When you fill out a form on a website and hit submit, your browser constructs a POST request and sends it to the website so that it can decide what to do with that information. It would contain not only the data you entered into the form but information about your login session and a cross-site request forgery token (hopefully).

If you're interested in understanding a website's functionality, capturing requests as they exit your browser lets you examine how to effectively interact with the site, as these requests are crafted by developers to elicit successful responses. You can use this insight to create custom requests, which can sometimes yield intriguing results.

Let's look at how to do that with a simple example.

Example: Status Cafe

We'll be using this cute site, status.cafe, a simple status sharing website to demonstrate how this can be quite neat.

Intercept the Request

  1. Open the browser (we're assuming you're using chrome/chromium based browser)
  2. Navigate to status.cafe (assuming you have already made your account)
  3. CTRL+SHIFT+I to open developer tools
  4. Click the network tab
  5. Fill out the status updating form
  6. Hit submit.
  7. Look in the network tab for add
  8. Right click it, select Copy > Copy as cURL
  9. Paste into a text editor.

Refer to the image above for visual aid.

Analyzing the Curl Command

WARNING: It's probably a good time to say that you have to guard the information in this command.
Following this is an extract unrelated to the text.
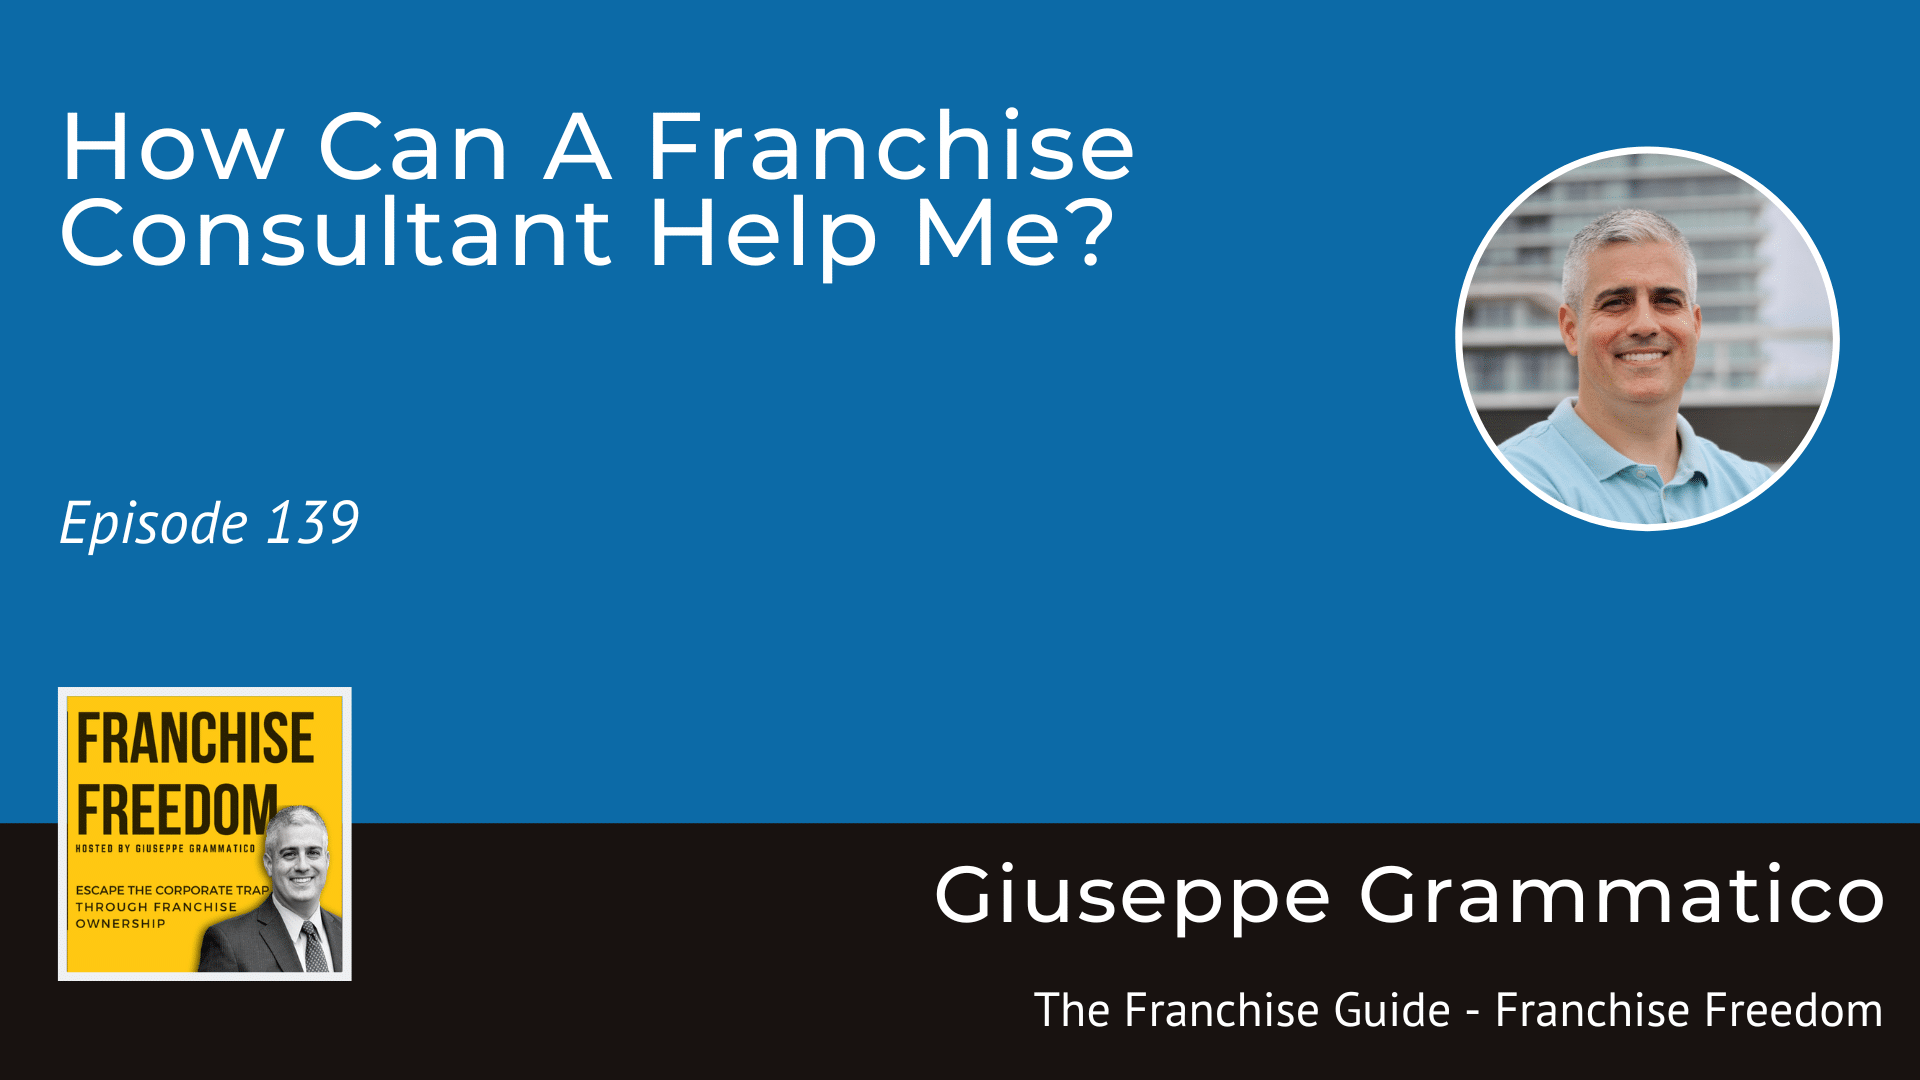 How Can A Franchise Consultant Help Me?

It contains sensitive data that someone can act on behalf of your account without having your password if they see it.

It will look something like this. Of course I've removed the sensitive parts.
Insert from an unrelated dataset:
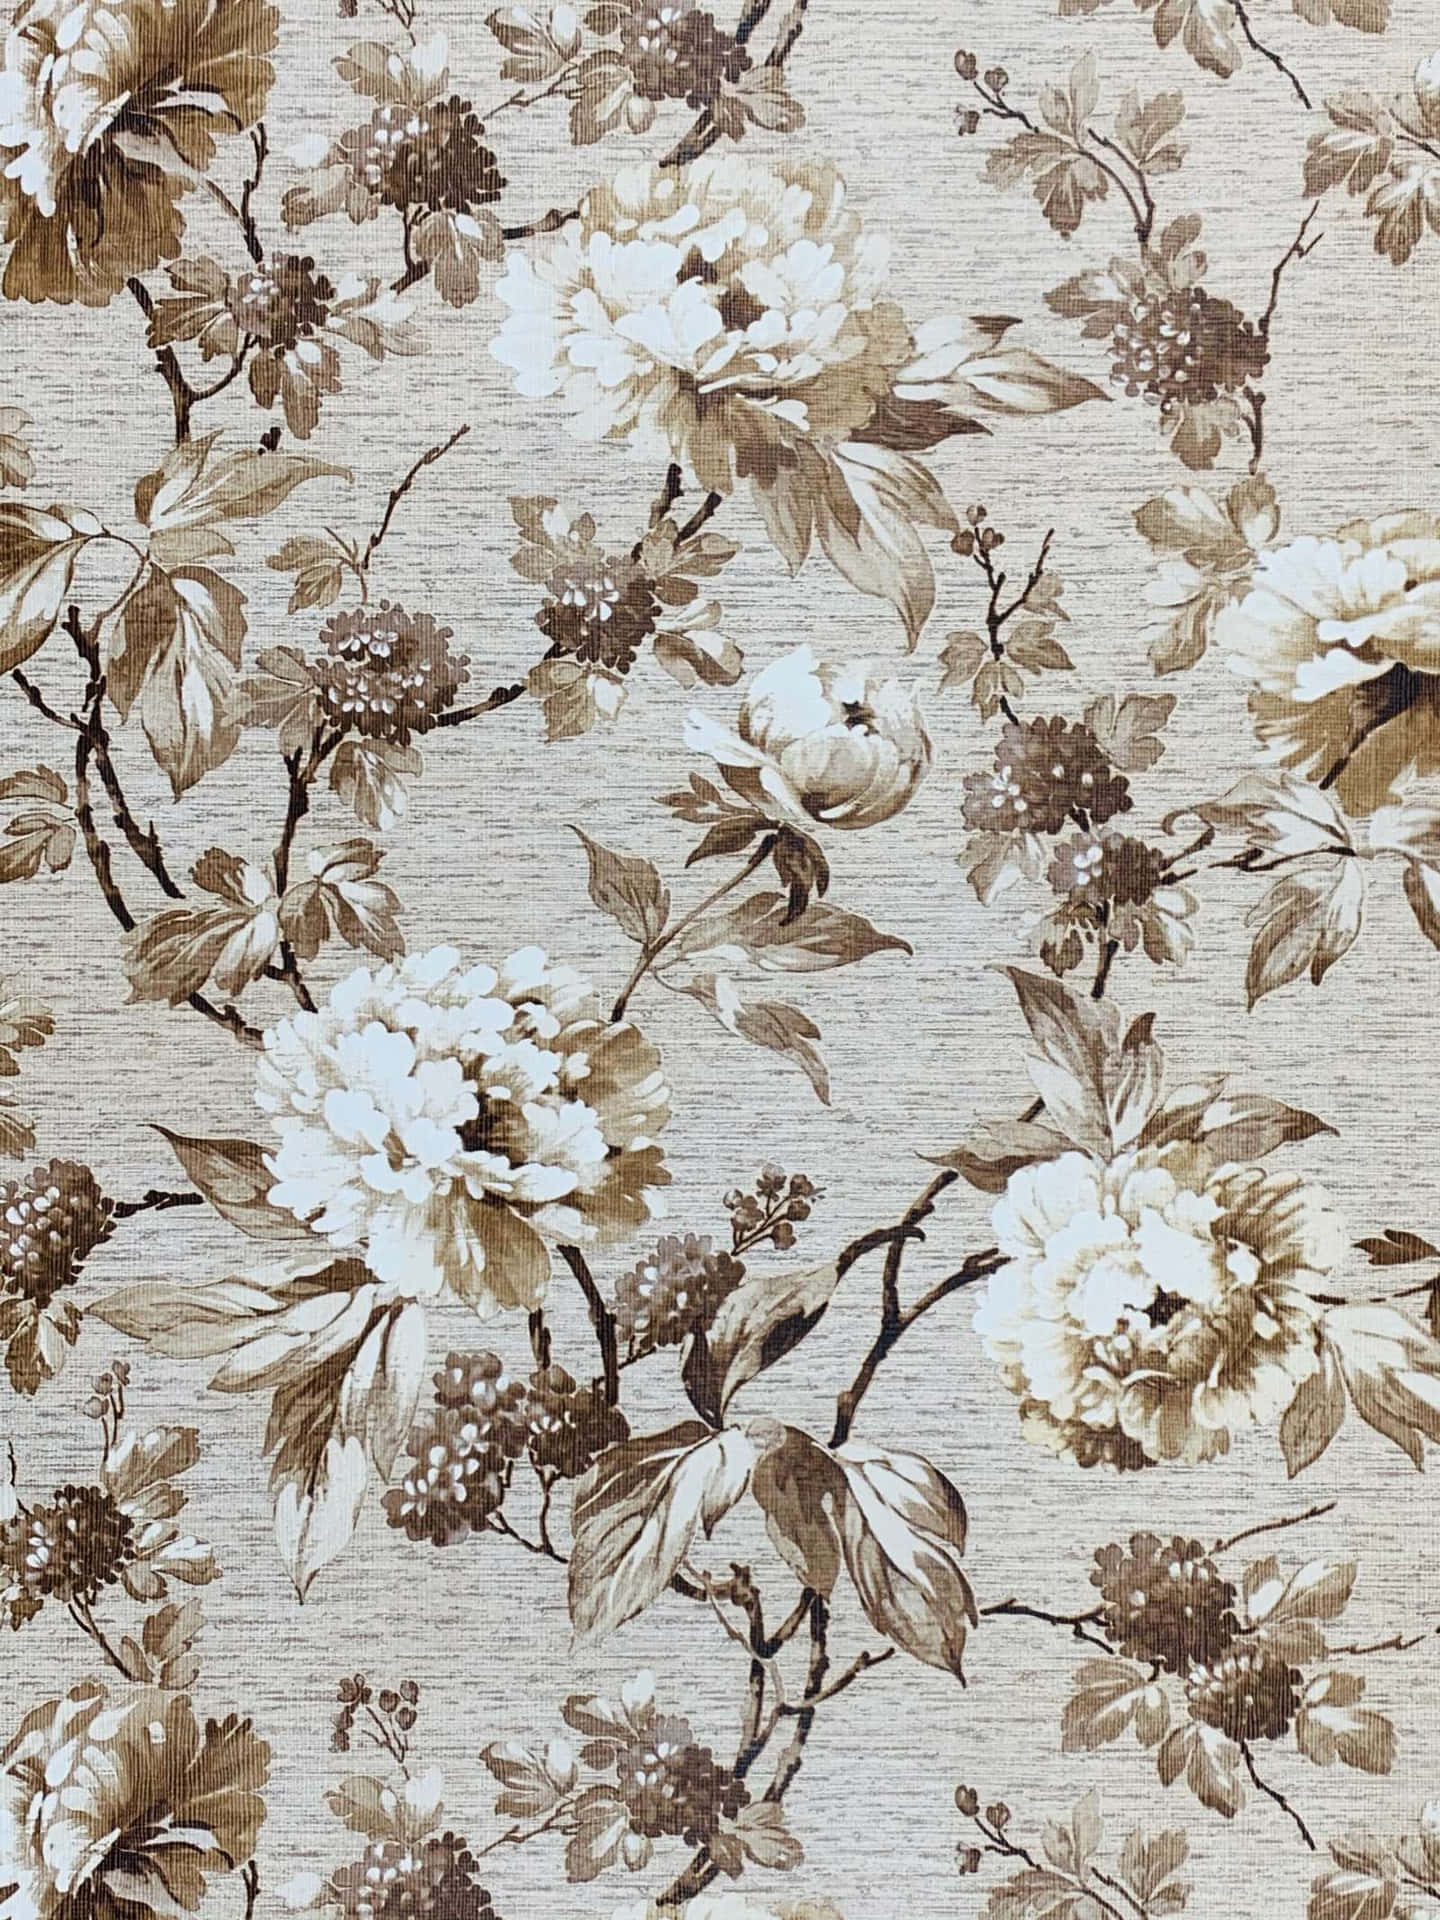 A Beige And Brown Floral Wallpaper

curl 'https://status.cafe/add' \
  -H 'Accept: text/html,application/xhtml+xml,application/xml;q=0.9,image/avif,image/webp,image/apng,*/*;q=0.8,application/signed-exchange;v=b3;q=0.7' \
  -H 'Accept-Language: en-US,en;q=0.9' \
  -H 'Cache-Control: max-age=0' \
  -H 'Connection: keep-alive' \
  -H 'Content-Type: application/x-www-form-urlencoded' \
  -b '_gorilla_csrf=YOUR_CSRF_TOKEN_WILL_BE_HERE' \
  -H 'Origin: https://status.cafe' \
  -H 'Referer: https://status.cafe/' \
  -H 'Sec-Fetch-Dest: document' \
  -H 'Sec-Fetch-Mode: navigate' \
  -H 'Sec-Fetch-Site: same-origin' \
  -H 'Sec-Fetch-User: ?1' \
  -H 'Upgrade-Insecure-Requests: 1' \
  -H 'User-Agent: REDACTED' \
  -H 'sec-ch-ua: "REDACTED"' \
  -H 'sec-ch-ua-mobile: REDACTED' \
  -H 'sec-ch-ua-platform: "REDACTED"' \
  --data-raw 'gorilla.csrf.Token=YOUR_CSRF_TOKEN_WILL_BE_HERE&face=%F0%9F%99%83&content=I%27m+going+to+write+a+quick+blog+post+before+going+to+bed.'

The part that we want to look at is this line right here

--data-raw 'gorilla.csrf.Token=YOUR_CSRF_TOKEN_WILL_BE_HERE&face=%F0%9F%99%83&content=I%27m+going+to+write+a+quick+blog+post+before+going+to+bed.'

The CSRF token is here: gorilla.csrf.Token=YOUR_CSRF_TOKEN_WILL_BE_HERE The emoji from the form is here: face=%F0%9F%99%83 The text of your status is here: content=I%27m+going+to+write+a+quick+blog+post+before+going+to+bed.'

Constructing Our Own Command

Let's write a bash script.

We'll save this into a file update_status_cafe.sh and we'll pass it two arguments.

#!/bin/bash

text="$1"   # First arg: text (e.g., "hello world")
emoji="$2"  # Second arg: emoji (e.g., "🙂")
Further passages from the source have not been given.